This is the solution I propose:

We have 5 available colors, so, in order to transmit the information to the others, we will use this method:

We have 5 different values of mod(5): 0, 1, 2, 3, 4.

They coordinate and agree the following:

They assign these 5 values to the five hat colors Cyan, Magenta, Yellow, Red, Green.

0: Cyan

1: Magenta

2: Yellow

3: Red

4: Green

They also assign themselves with one of the numbers 0 to 4 (i.e. the 1st prisoner is assigned with number 0, the 2nd with 1 etc).

The above is pre-agreed before they wear the hats.

After they wear the hats, they do the following:

Then each prisoner calculates the sum of the numbers of the hat colors, based on the above table and DEDUCTS this number from his own and then converts the difference to mod(5). Then he finds the color that this number corresponds to, based on the above table.

Example: Suppose the 2nd prisoner sees the following hats to the other four: 1st-3rd-4th-5th: Cyan-Cyan-Red-Green. Let's assume his own hat is Yellow.

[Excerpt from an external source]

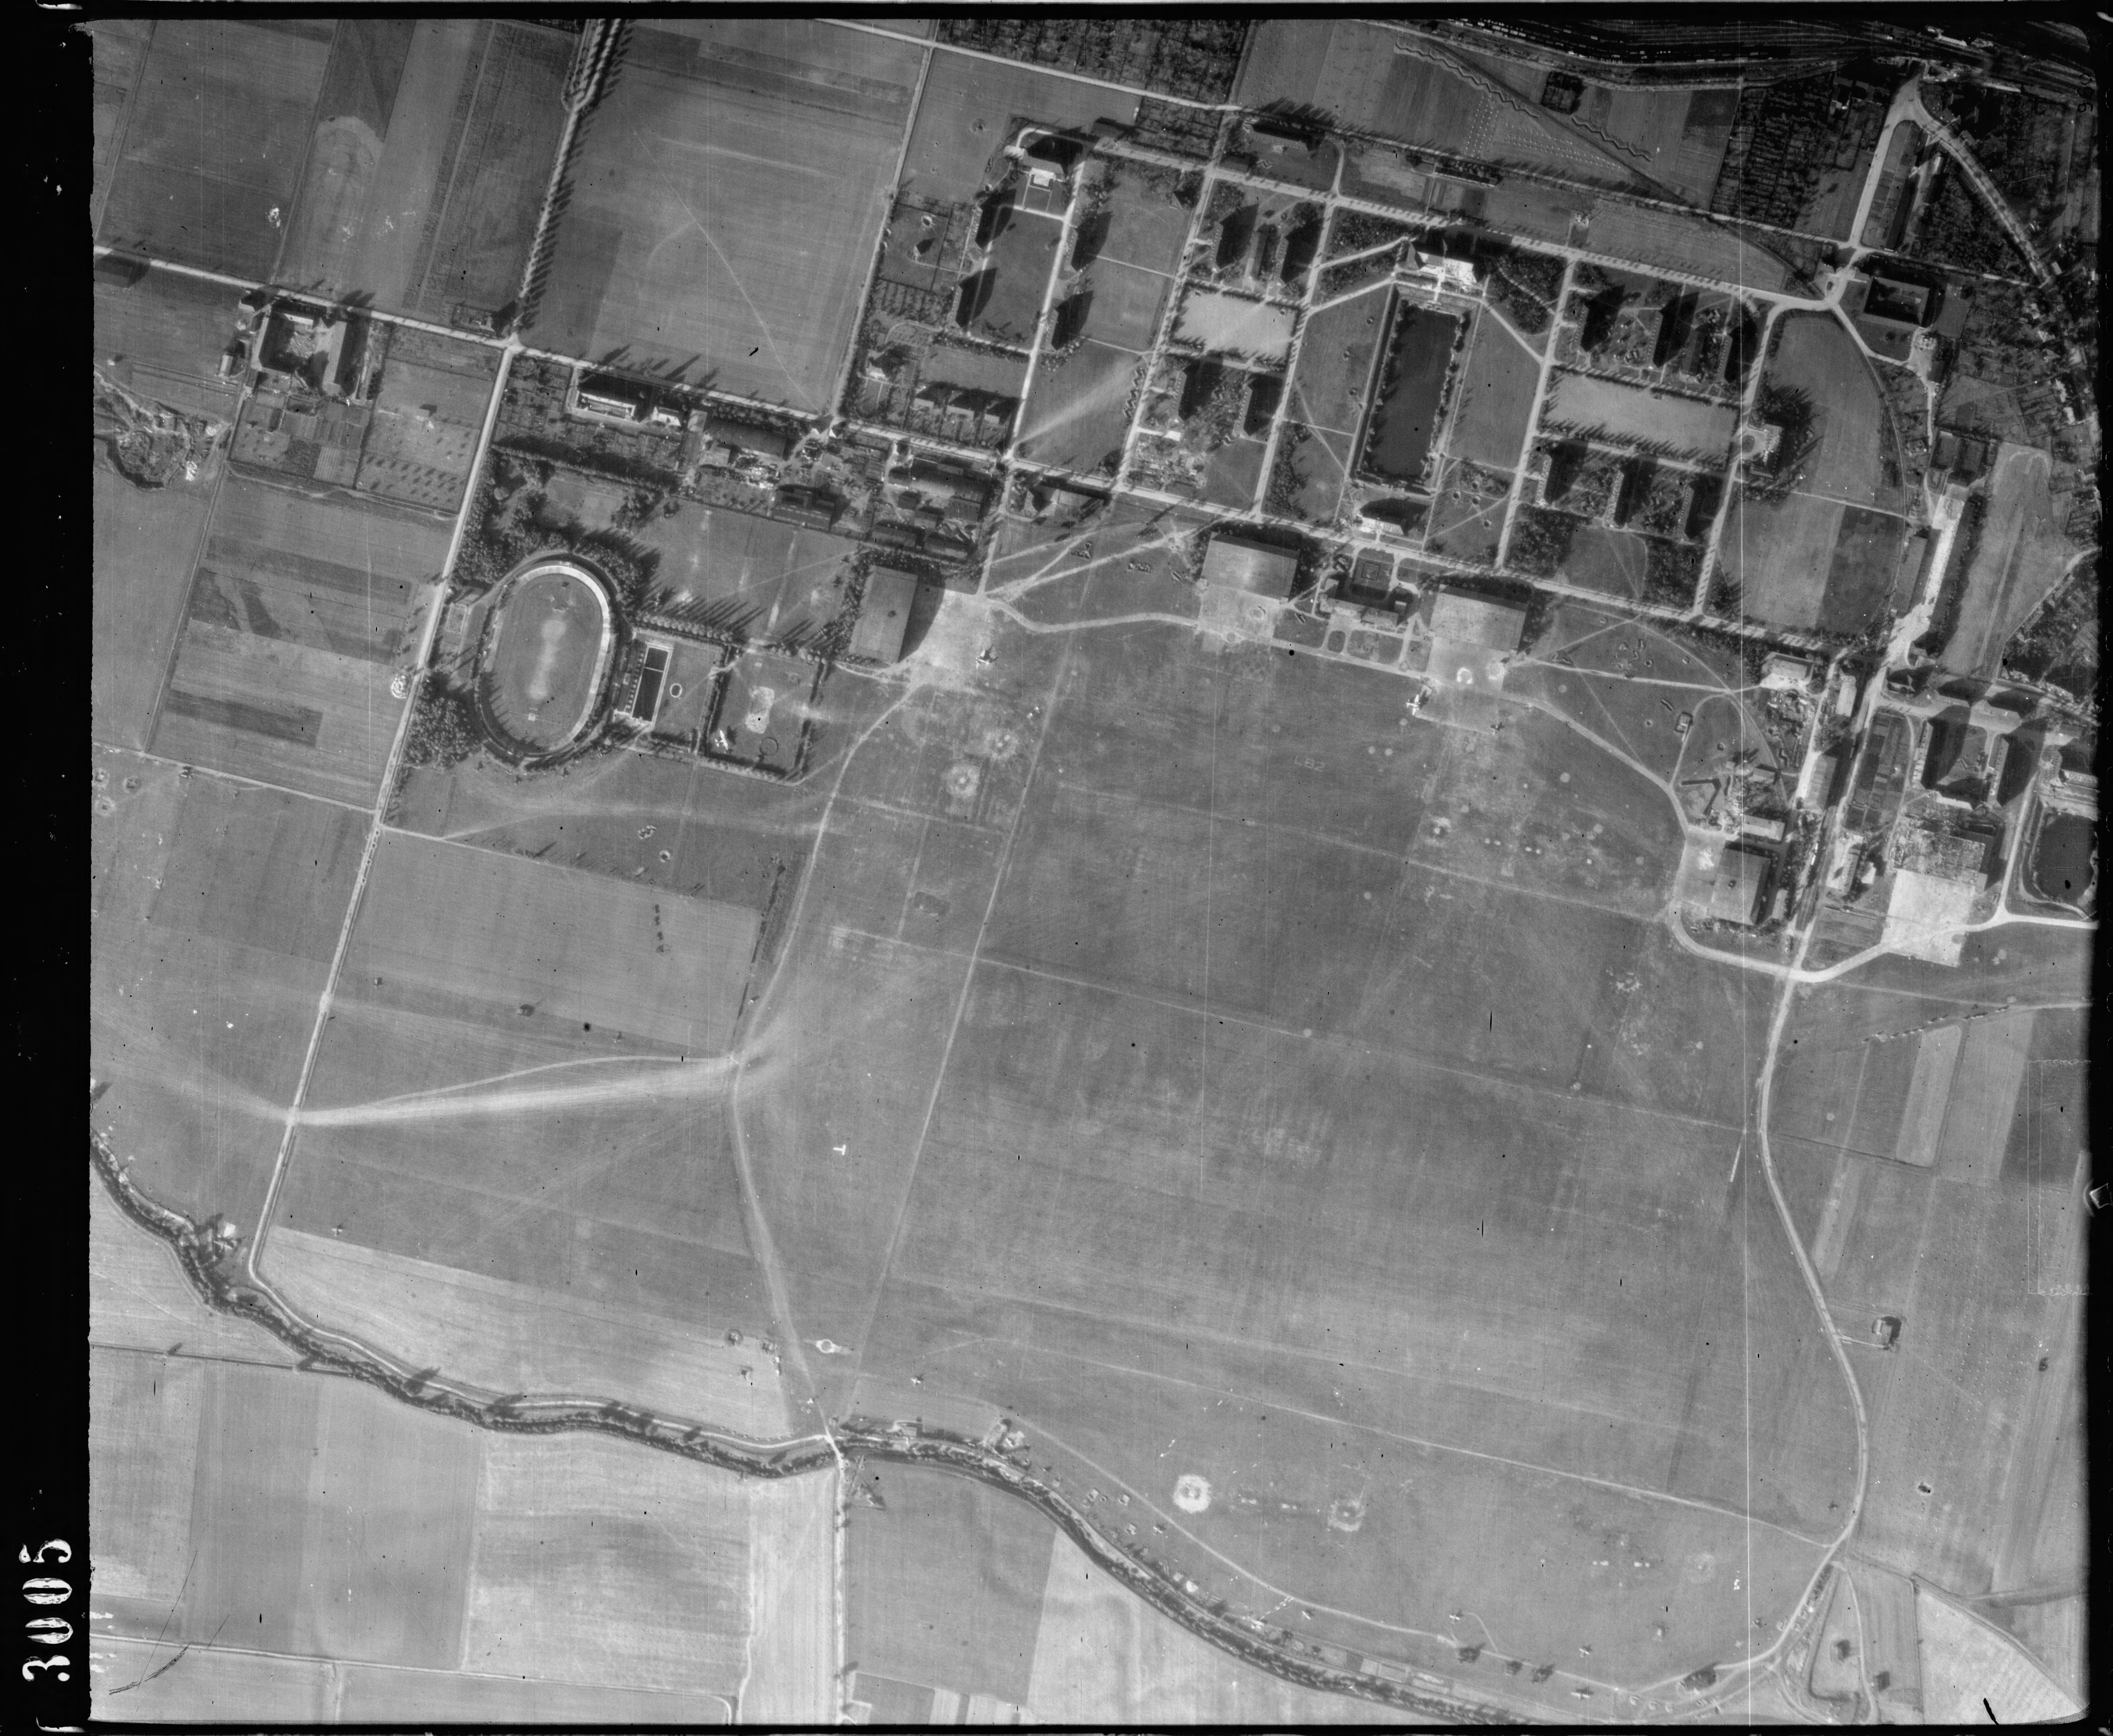 Detailaufnahme vom Nordhäuser Stadion um dem Fliegerhorst (Oktober 1944)
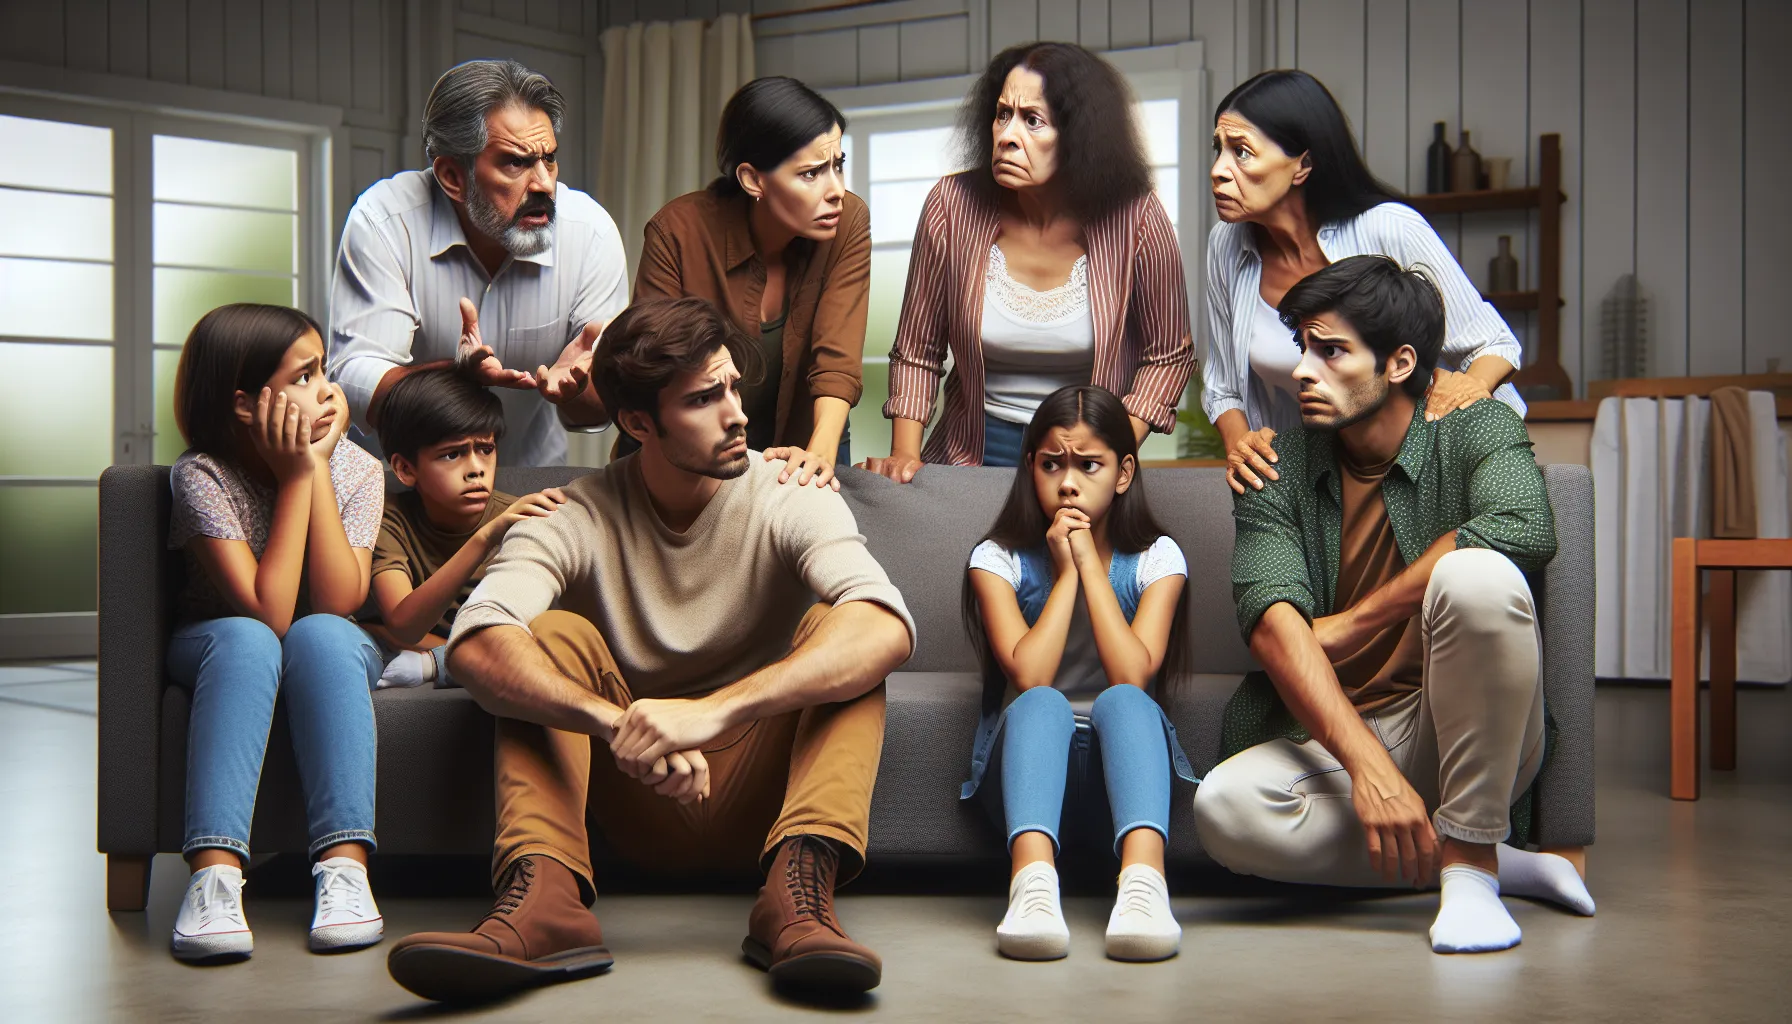 Imagen ilustrativa de una familia con expresiones de preocupación y conflicto

Then he calculates the sum 0+0+3+4=7. His own number is 1 (because he is the 2nd and number 1 is assigned to him). He deducts 7 from 1 and converts the difference (6) to mod(5) = 1. Then he guesses that he wears a Magenta hat. Obviously he is wrong, but let's see what the others will guess (because, even if all are wrong and ONLY one guesses correctly, they are saved).

The 1st one sees Yellow-Cyan-Red-Green and calculates the sum 9, which he deducts from his own that is 0, so the remainder is 9 which is 4 mod(5) so he guesses that he wears Green, which is also wrong because he wears Cyan.

Similarly the 3rd guesses Yellow and is wrong because he wears Cyan,

the 4th guesses Red which is CORRECT

and the 5th guesses Magenta and is wrong because he wears Green.

We therefore see that they are saved because always, at least one will guess correctly, based on the above strategy (the key here is that they are each assigned one different number of the 5 mod(5) so at least one will be correct).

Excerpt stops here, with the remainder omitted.